## Problem statement
Within the data below, tally the lines that contain "door" and state only the total.

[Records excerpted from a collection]

■ ■ ■

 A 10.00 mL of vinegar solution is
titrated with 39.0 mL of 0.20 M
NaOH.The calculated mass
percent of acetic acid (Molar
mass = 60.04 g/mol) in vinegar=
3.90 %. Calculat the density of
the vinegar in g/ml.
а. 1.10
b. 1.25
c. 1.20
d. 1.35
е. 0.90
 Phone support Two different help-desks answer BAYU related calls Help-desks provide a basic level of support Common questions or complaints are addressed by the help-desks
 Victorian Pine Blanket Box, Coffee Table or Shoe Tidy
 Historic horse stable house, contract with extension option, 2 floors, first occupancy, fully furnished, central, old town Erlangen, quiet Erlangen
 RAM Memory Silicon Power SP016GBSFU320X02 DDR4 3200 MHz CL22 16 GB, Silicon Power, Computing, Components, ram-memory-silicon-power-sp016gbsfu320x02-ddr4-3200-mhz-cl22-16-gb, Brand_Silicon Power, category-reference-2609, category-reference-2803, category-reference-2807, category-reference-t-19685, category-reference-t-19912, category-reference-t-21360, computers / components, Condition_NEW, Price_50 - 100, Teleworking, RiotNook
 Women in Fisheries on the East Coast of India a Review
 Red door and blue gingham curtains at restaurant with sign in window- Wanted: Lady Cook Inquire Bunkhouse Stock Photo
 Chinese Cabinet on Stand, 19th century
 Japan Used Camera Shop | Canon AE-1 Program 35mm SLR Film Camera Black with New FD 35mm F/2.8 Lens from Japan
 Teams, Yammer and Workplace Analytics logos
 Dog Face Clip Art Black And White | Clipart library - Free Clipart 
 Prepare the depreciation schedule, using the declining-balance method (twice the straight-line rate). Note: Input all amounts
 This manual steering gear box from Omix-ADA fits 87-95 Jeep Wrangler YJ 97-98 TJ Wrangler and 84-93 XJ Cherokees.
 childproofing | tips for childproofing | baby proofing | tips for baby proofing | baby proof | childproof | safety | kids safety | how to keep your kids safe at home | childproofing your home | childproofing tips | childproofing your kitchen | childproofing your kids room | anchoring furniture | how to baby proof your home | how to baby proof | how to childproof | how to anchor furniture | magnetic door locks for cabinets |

■ ■ ■

## Answer space
2